TestZooKeeper fails in trunk/0.95 builds

    XMLWordPrintableJSON

Details

    • Bug
    • Status: Closed
    • Major
    • Resolution: Fixed
    • None
    • 0.98.0, 0.95.1
    • Zookeeper
    • None
    • Reviewed

    Description

      TestZooKeeper fails on occasion. I caught a good example recently. See below failure stack trace.
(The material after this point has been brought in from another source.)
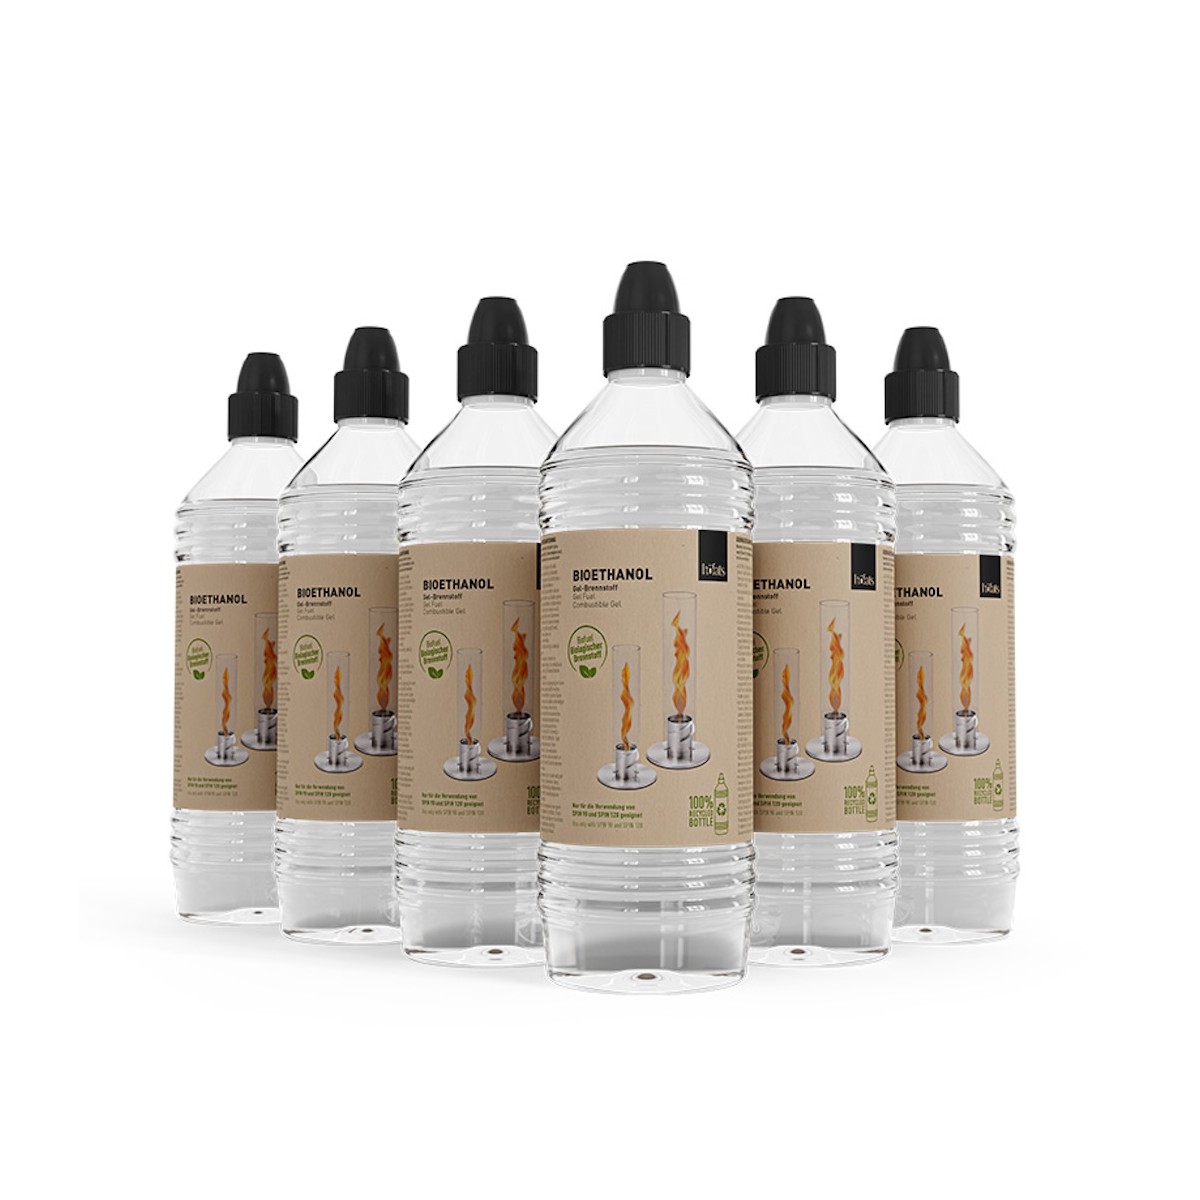 HOFATS SPIN bioethanol gel fuel - 1l bottle (six-pack)
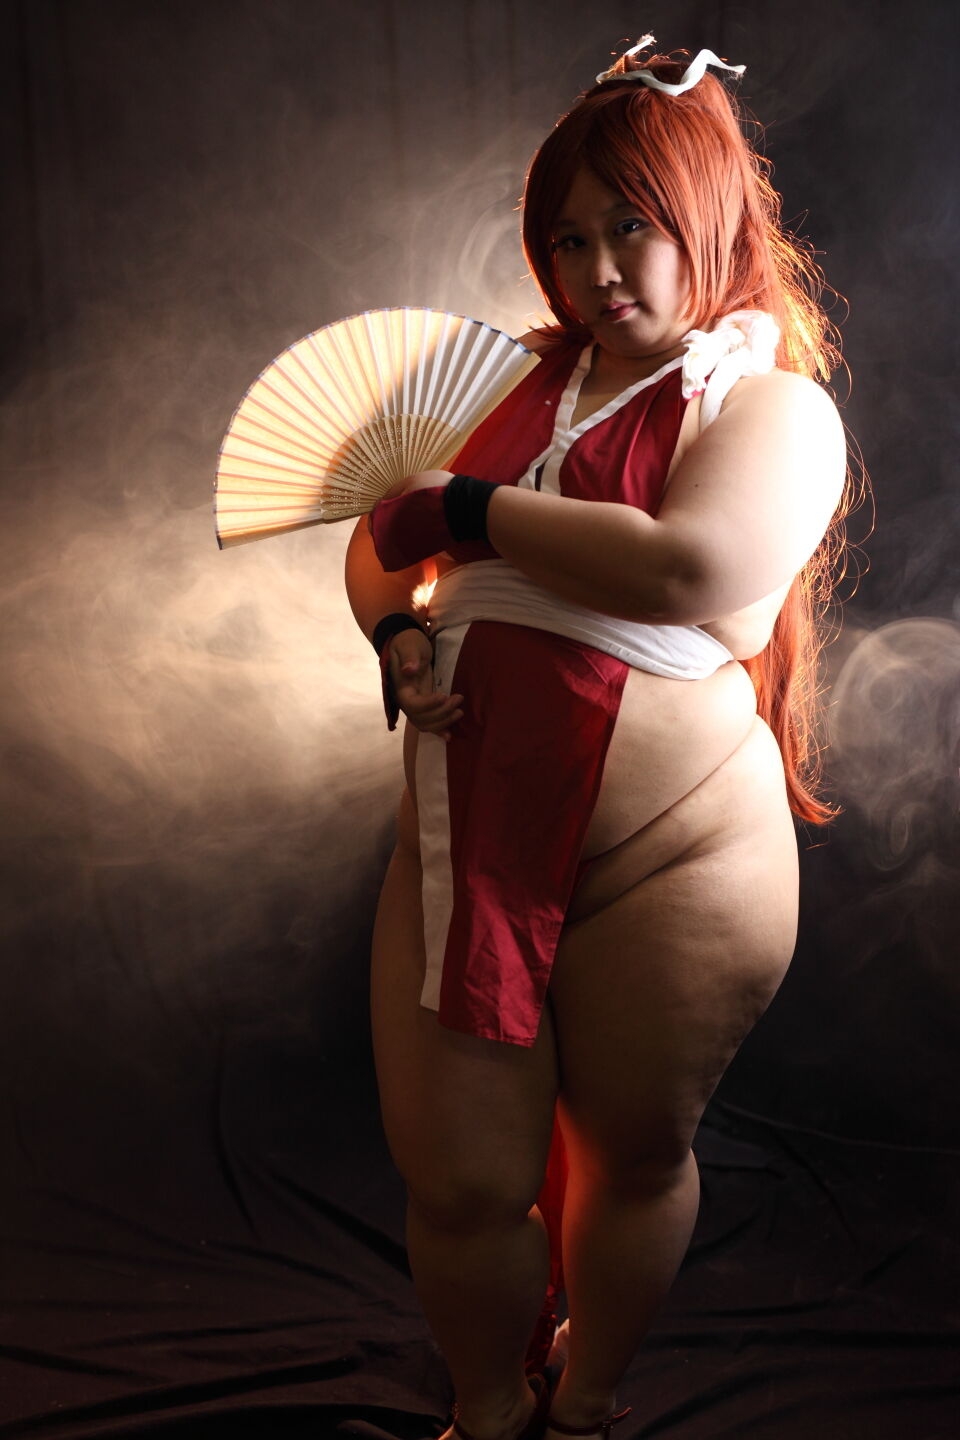 (渡辺さくらん) FIGHT FAT LADY (Sakuran Watanabe) (Mai Shiranui - Fatal Fury) (Chun-Li - Street Fighter) 166

      It took me a while. I thought the issue had to do w/ our recent ipc refactorings but it looks like a problem we have always had. In short, MetaScanner is not handling DoNotRetryIOEs – it is letting them out. DNRIOEs when scanning are supposed to force a reset of the scan. HTable#next catches these and does the necessary scanner reset up. MetaScanner is running some subset of what HTable does when it is scanning except the part where it catches a DNRIOE and redoes the scan. Odd.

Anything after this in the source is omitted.